Кошки, собак я люблю на расстоянии.

Толстой или Достоевский?

Тоже оба. И Толстой, и Достоевский научили меня многому. Когда я писал свой первый роман, я читал очень хорошую книгу британского критика Штайнера «Толстой или Достоевский». Там были показаны огромные отличия писателей, а также их сходства, рассказывалось о предшественниках, которые сформировали Толстого и Достоевского, и кого они сформировали в свою очередь. Читая эту книгу, я учился писать, основываясь на их различиях.

В нескольких своих интервью вы говорите, что писатели постоянно чувствуют себя виноватыми и именно вина в каком-то смысле двигает литературу.

Писатели склонны чувствовать себя виноватыми, потому что чувствуют ответственность за все. Еще Достоевский говорил об этом. Это другой уровень чувствительности. В начале писательской карьеры вы чувствуете вину еще и потому, что вы отдаете время занятию, которое не приносит дохода. Но вина писателя так же связана с чем-то более глубоким. Быть писателем — значит по собственному выбору стремиться понимать людей. И, развивая эту чувствительность, вы развиваете сострадание, способность поставить себя на место каждого. Но увидев так глубоко чужое страдание, вы понимаете, что находитесь в привилегированном положении по отношению к другим людям. И тогда вы снова чувствуете вину.

Но чувство вины — это очень хорошо. Оно мучает вас, но при этом прокладывает дорогу в религии и литературе. Все происходит от чувства вины. Чувствовать боль и страдания другого человека, понимать их и разделять — очень человеческое качество. Писатели — чувствительные люди. Хорошие писатели, конечно. Например, писатель, чей дом и усадьбу я сегодня посетил, очень чувствительный человек, и именно эта чувствительность Толстого давала ему возможность, когда он писал романы, идентифицировать себя с людьми, отличными от него. Естественно, у большинства этих людей были более тяжелые условия жизни. И вполне естественно, что вы начинаете испытывать чувство вины, и искусство написания романа связано с этим чувством вины.

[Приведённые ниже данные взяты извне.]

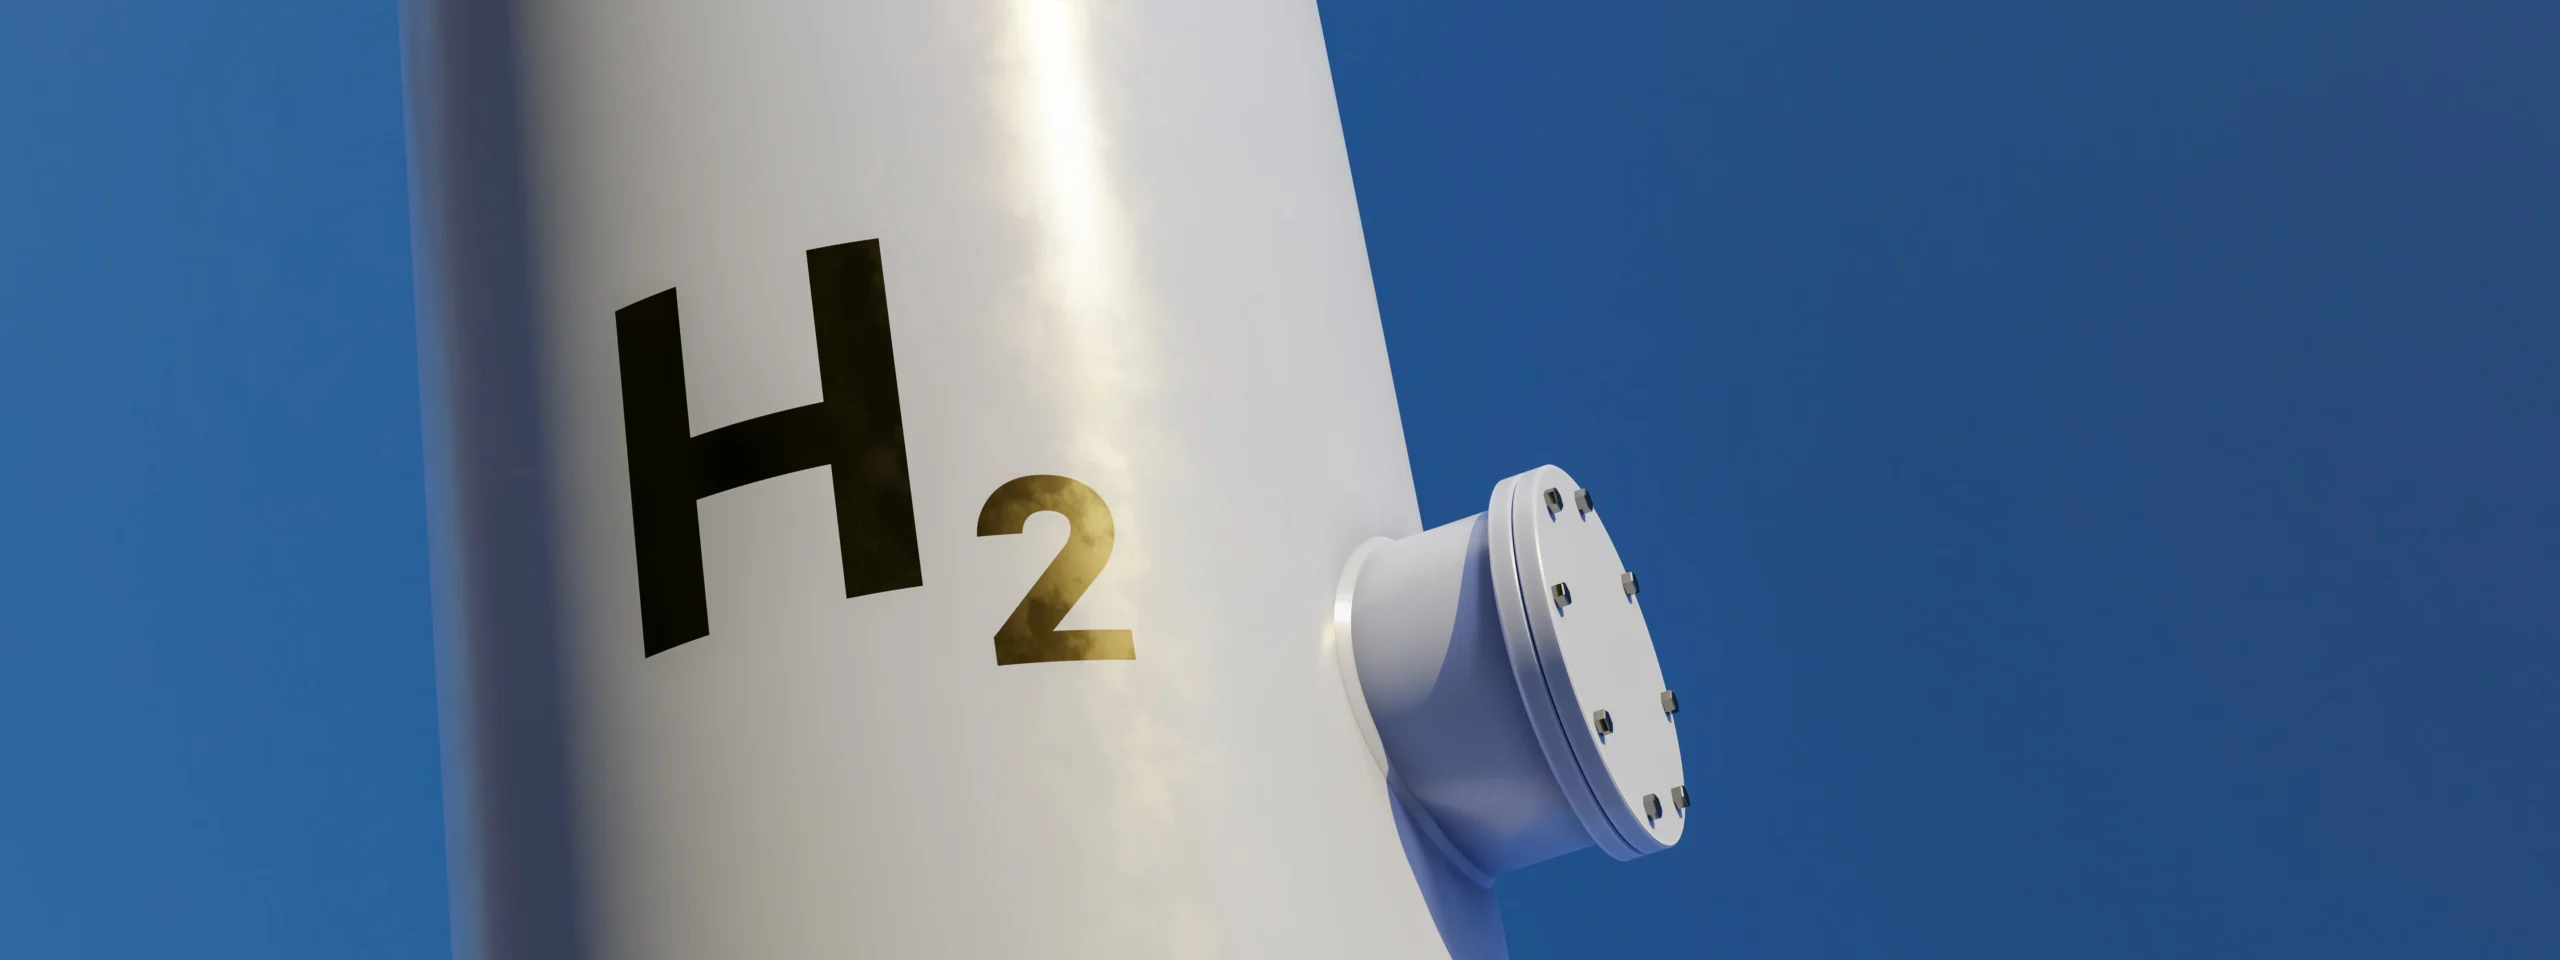 $147 million funding secured for Australian hydrogen hubs

Писатель все чувствует, всему свидетель, но ни в чем не участвует, потому что надо же наблюдать и запоминать все. Вы как-то говорили, что пик отчуждения и обособленности испытываете в шумном офисе.

Желание быть писателем с этим связано. И многие авторы, которых я знаю, — не пишущие журналисты, а именно писатели, которые работают над художественными книгами, — испытывают желание быть вне повседневной офисной жизни. Вы не хотите делить ничего с другими, вы хотите сидеть в уединенной комнате и доверять собственному воображению. Вы находите тысячи оправданий, чтобы не быть как другие. И вот это и есть место, где начинается выбор быть писателем, художником, вообще человеком творчества.

В одной из статей книги «Другие цвета», вы замечаете, что, рассказывая о себе откровенно, испытываете страх.

Да... C одной стороны, это именно так. У писателя должны быть мужество и смелость откровенно говорить о своей жизни, особенно упоминая автобиографические детали. Жан-Жак Руссо, допустим, был одним из первых, кто стал говорить об отрицательных, негативных чувствах, неприятных моментах жизни, его ошибках, — все это легло в основу его книги «Исповедь». В какой-то момент он обнаружил, что говорит о своих грехах, о своих промахах таким образом, что эта информация становится не только религиозной, не только описанием греха. Напротив, она обогащает человеческое существо, сообщает ему более глубокое чувство себя как человека и это освобождает нас частично от ужасов религии. И после этого давайте вспомним, что Толстой носил в юности медальон с изображением Жан-Жака Руссо.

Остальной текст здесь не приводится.